Transparent beim Pokalspiel gegen Hertha BSC Berlin am 8. Februar. (Screenshot / ARD)

Nachträgliches Statement: Transparent beim BVB-Pokalspiel gegen Hertha BSC Berlin am 8. Februar. (Screenshot / ARD)

Auch die teilweise extrem menschenverachtenden Hetz- und Hass-Transparente (Heda, BVB-Ordnungsdienst, wie konnten die in so großer Zahl ins Stadion gelangen?) und der versuchte Angriff auf den Mannschaftsbus der Leipziger sind schändlich und unverzeihlich.

Jeder feststellbare Einzelfall wird jetzt und in den nächsten Wochen zu untersuchen sein. Hoffentlich findet die Polizei die Schuldigen, hoffentlich werden sie von der Justiz angemessen zur Rechenschaft gezogen. Bundesweites Stadionverbot ist das Mindeste, im Falle entsprechender Taten sollten auch Paragraphen des Strafgesetzbuches greifen.

Es ist beschämend, dass das alles in Dortmund passiert ist, wo man sich rühmt, auf der Südtribüne die besten Fans Deutschlands, wenn nicht Europas oder gar der Welt zu haben. Leider können einige Dutzend oder hundert Vollidioten das alles an einem einzigen Tag zunichte machen – wenn man sie nicht hindert. Vielleicht lässt sich ja auch aufklären, aus welchem Umfeld diese Typen kommen?

Dortmunds Stadtobere und ihre Imagewächter sind bestimmt ebenfalls entsetzt. Die enthemmte Randale vom Samstag wird der Stadt und dem Verein noch lange als „Schande von Dortmund“ (andere Formel: „Schande für den Fußball“) nachhängen, die Boulevardpresse tut das Ihre, um es kräftig zuzuspitzen. Auch sind spürbare Strafen vom DFB zu erwarten, so etwa Heimspiele ganz ohne Zuschauer…

In den sozialen Netzwerken sind es keineswegs nur Leipziger und Schalker, die heftig (und zum Teil beklagenswert pauschal) über den BVB herziehen. Mag es auch ungerecht sein: Wenn man nicht aufpasst und entschieden gegensteuert, gelten hiesige Fans bald als Abschaum der Liga – auch die anständigen unter ihnen, die sicherlich bei weitem in der Mehrheit sind. Doch sobald sie die schwarzgelben Farben tragen, macht man vielleicht auswärts keine Unterschiede mehr. Da herrscht womöglich mal wieder ein „Generalverdacht“. Und es melden sich bereits BVB-Anhänger zu Wort, die künftig ganz auf Stadionbesuche verzichten wollen. Nicht, dass da etwas „kippt“…
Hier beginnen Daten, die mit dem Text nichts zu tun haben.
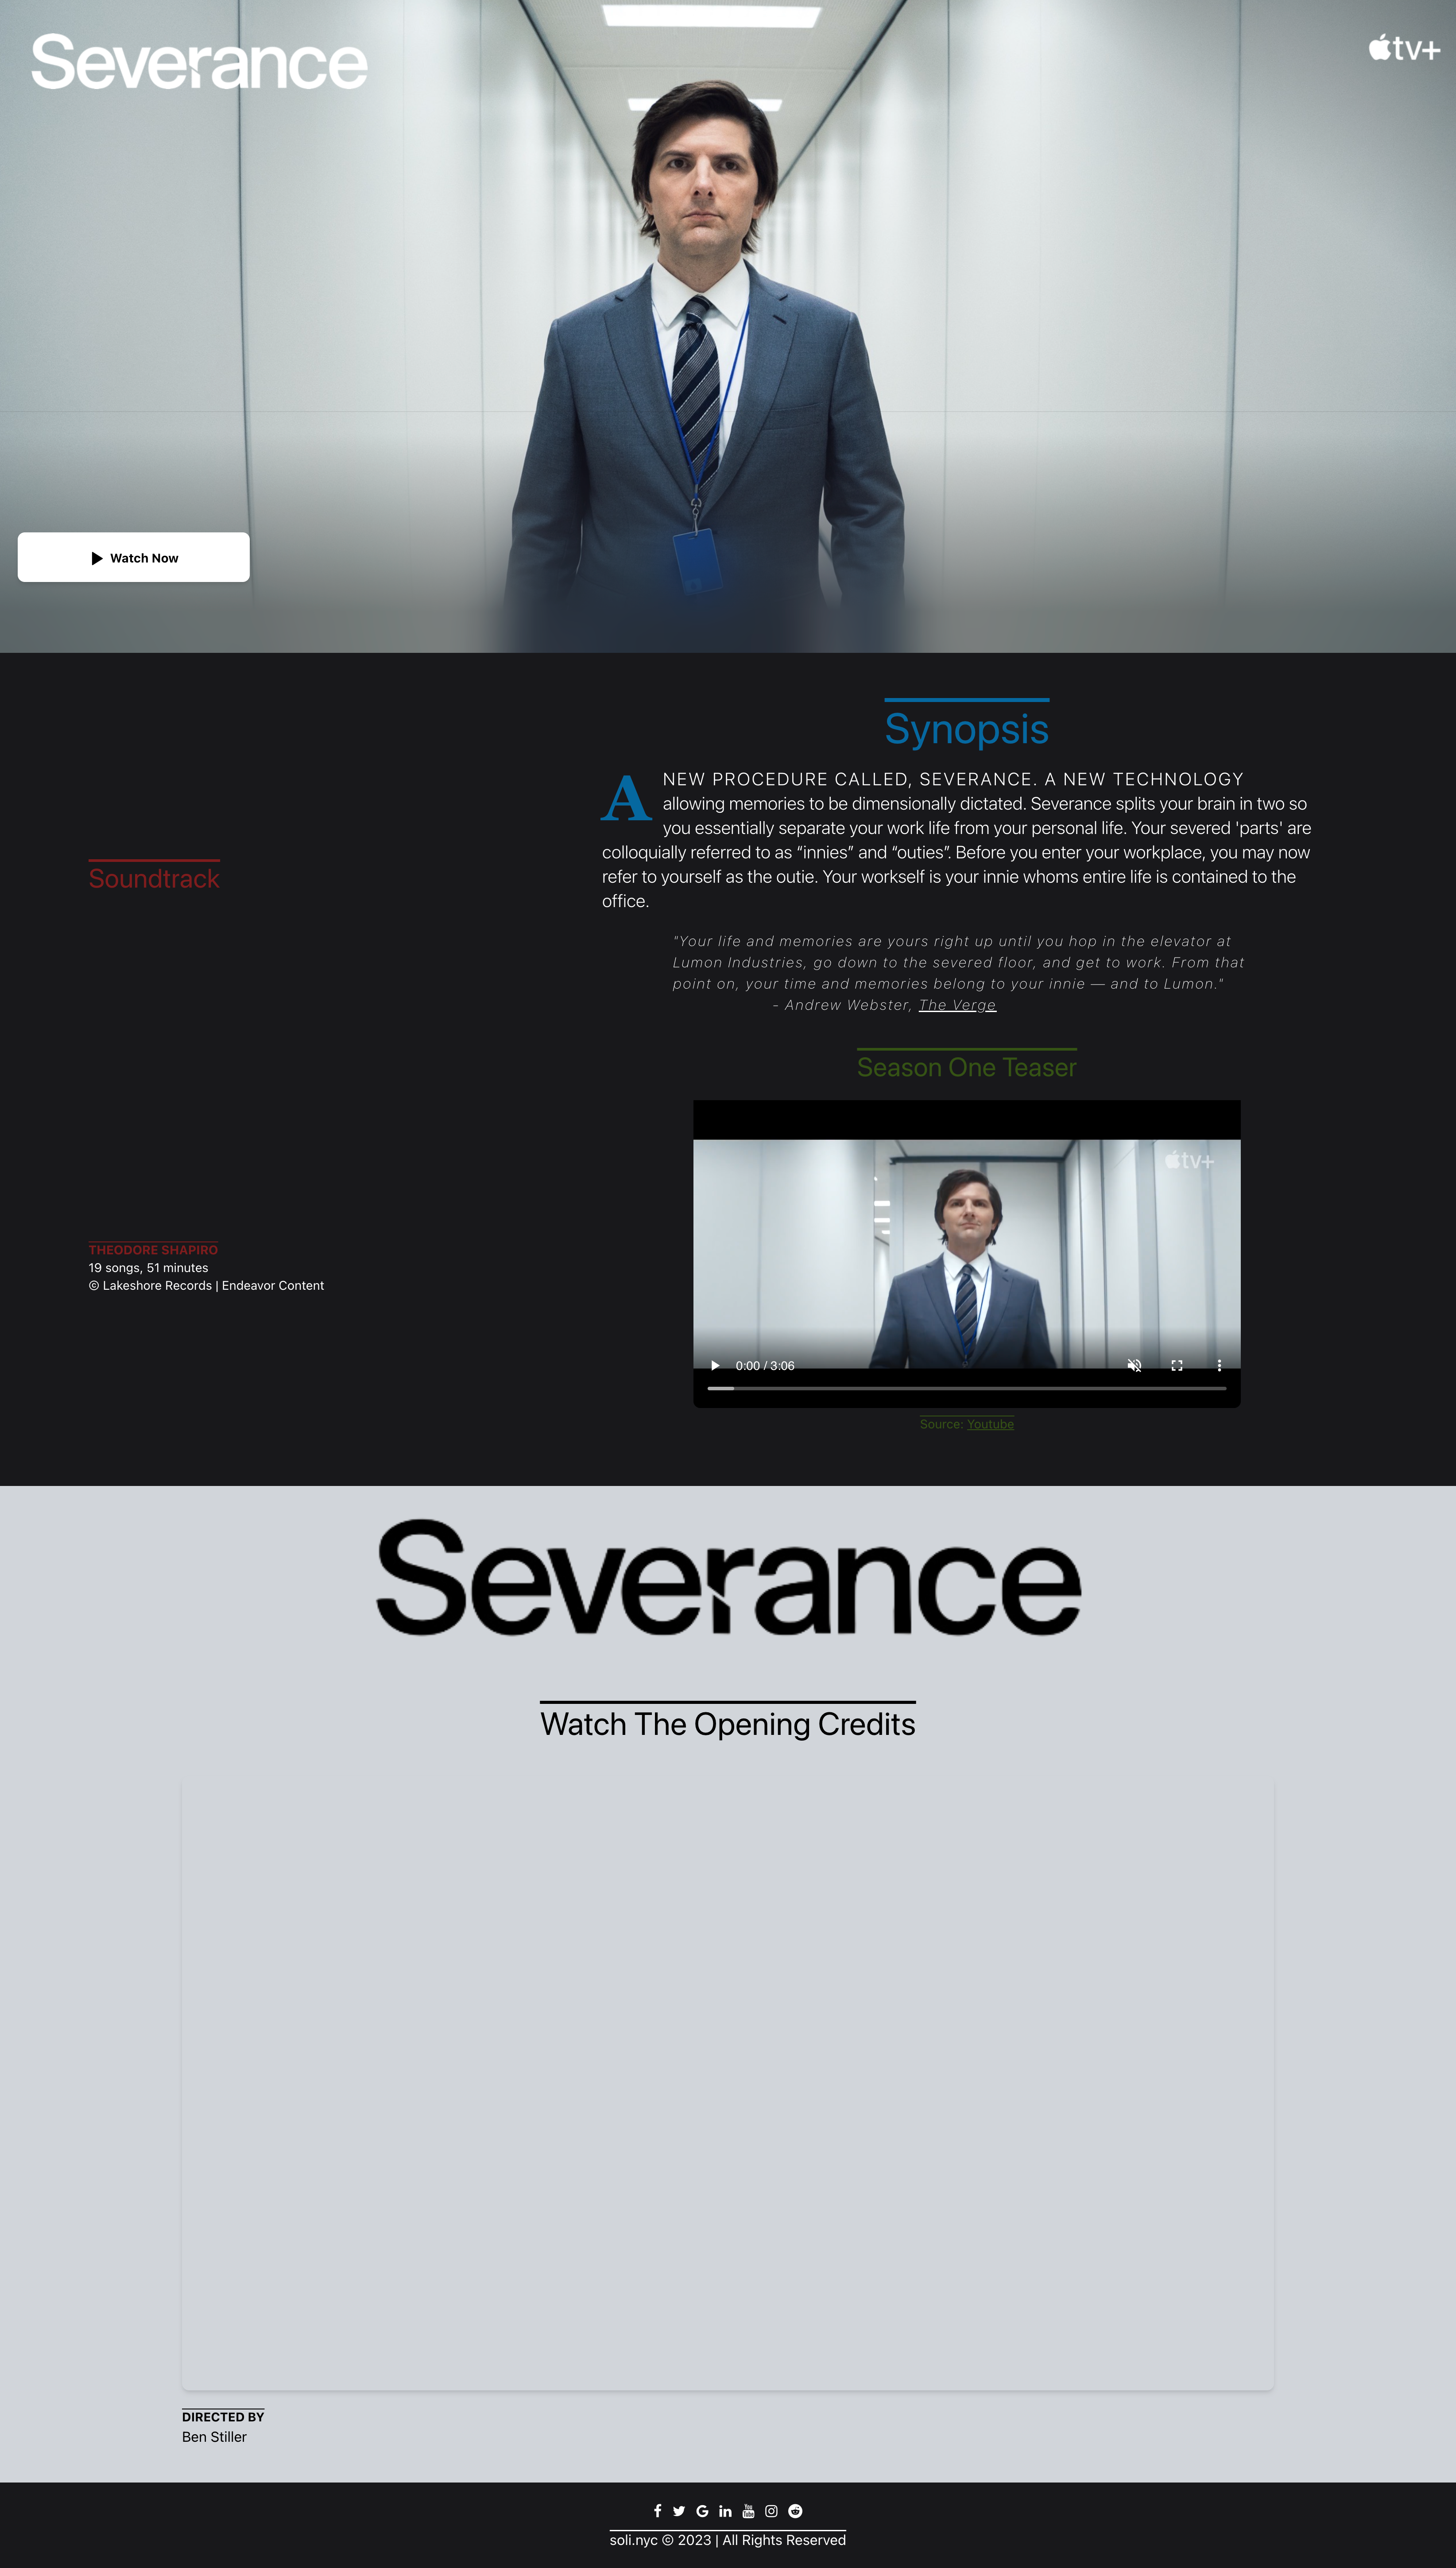 Severance TV Show Fan Page created using HTML CSS & Tailwind

Inzwischen weiß man bei Spiegel online, bekanntlich immer gaaaanz nah dran am BVB, schon genauestens Bescheid: Auch viele ganz normale Spießer, die anderntags mit ihrem Hund Gassi gehen, seien in Dortmund an den Ausschreitungen beteiligt gewesen. Beim Spiegel kennen sich offenbar besser aus als die zuständigen Ermittler. Oder etwa doch nicht?
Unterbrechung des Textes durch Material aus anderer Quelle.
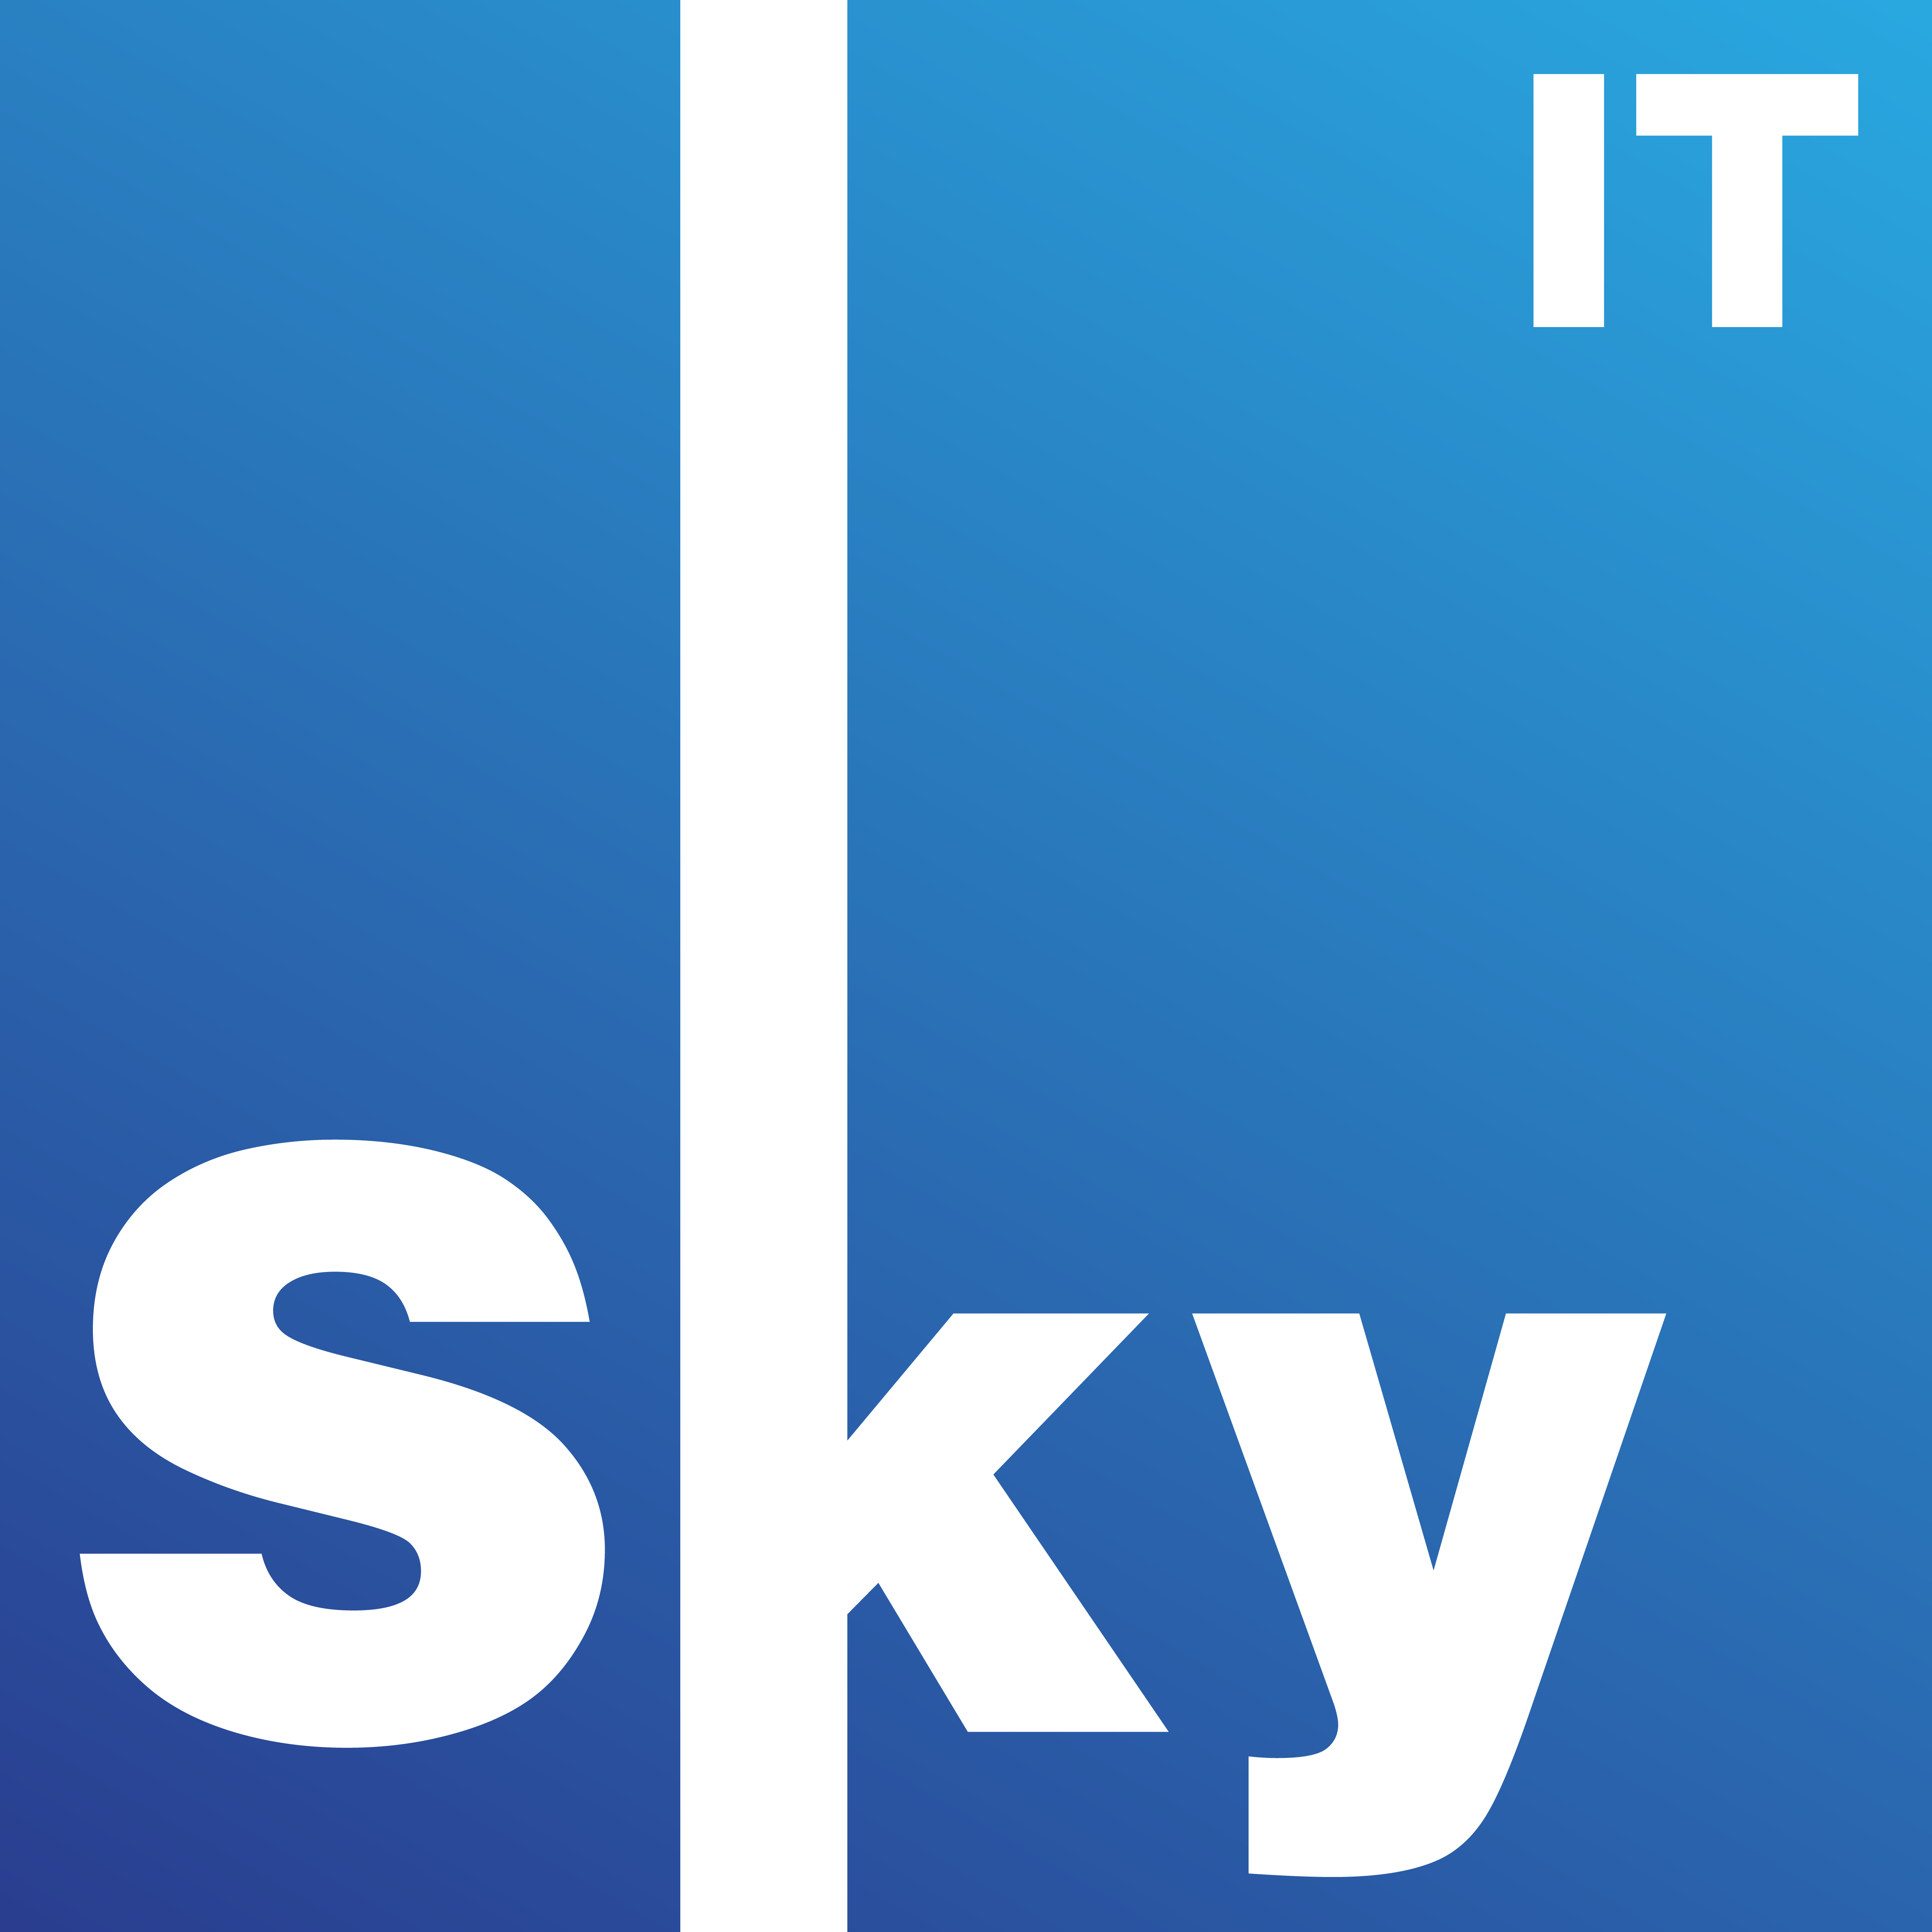 Chat sky live Live chat

Unterdessen wird BVB-Geschäftsführer Hans-Joachim Watzke – mittlerweile auch von der Gewerkschaft der Polizei (GdP) – mitverantwortlich gemacht, weil er gegen RB Leipzig aufgewiegelt habe. Die paar Andeutungen über einen Verein, der ausschließlich zur Promotion eines Getränks („Red Bull“) gegründet worden sei, sollen also ein Aufruf zur Gewalt gewesen sein? Ach, nö. Soll jetzt jede Kritik am Geschäftsmodell der Leipziger verboten sein? Übrigens: Auch der börsennotierte BVB ist vielfach als durchkommerzialisiert verschrien. Dann wird man eben auch daran Kritik üben dürfen. Tradition hin oder her.

Wie aber müsste man (im Vergleich zu Watzkes Äußerungen) den Ausspruch eines gewissen Uli Hoeneß bewerten, der – seinerzeit kaum wieder auf freiem Fuß – im November ganz unverblümt von den „Feinden“ aus Leipzig und Dortmund gesprochen hat? Nun gut, er hat die saublöde Formulierung hernach zurückgenommen, und die Bayern-Anhänger haben sich gottlob bislang nichts zuschulden kommen lassen. Aber dennoch.

Eine Aktion zum Spiel gegen Hertha deutet sich schon an (Screenshot der Facebook-Seite von schwatzgelb.de)

Eine Aktion zum Heimspiel gegen die Hertha (8. Februar, 20:45 Uhr) deutete sich schon vorher an. (Screenshot der Facebook-Seite von schwatzgelb.de)

Jedenfalls gibt es etliche Leute, die just der Polizei vorwerfen, sie habe kein durchgängig tragfähiges Sichheitskonzept gehabt. Will die GdP mit ihren schnellfertigen Schuldzuweisungen etwa davon ablenken? Wenn man eine Antenne für die Stimmungslage der „Fans“ gehabt hätte, so hätte man vielleicht ahnen können, dass dies ein Hochrisikospiel sein würde. Man mag noch gar nicht daran denken, wie wohl die nächsten Begegnungen dieser Clubs verlaufen.

Schon morgen gibt es das nächste BVB-Heimspiel (im Pokal gegen die Hertha aus Berlin); ob wir da wohl irgend eine Form von Gegenreaktion aus dem Publikum erleben werden? Der nebenstehende Screenshot von der Seite www.schwatzgelb.de deutet darauf hin.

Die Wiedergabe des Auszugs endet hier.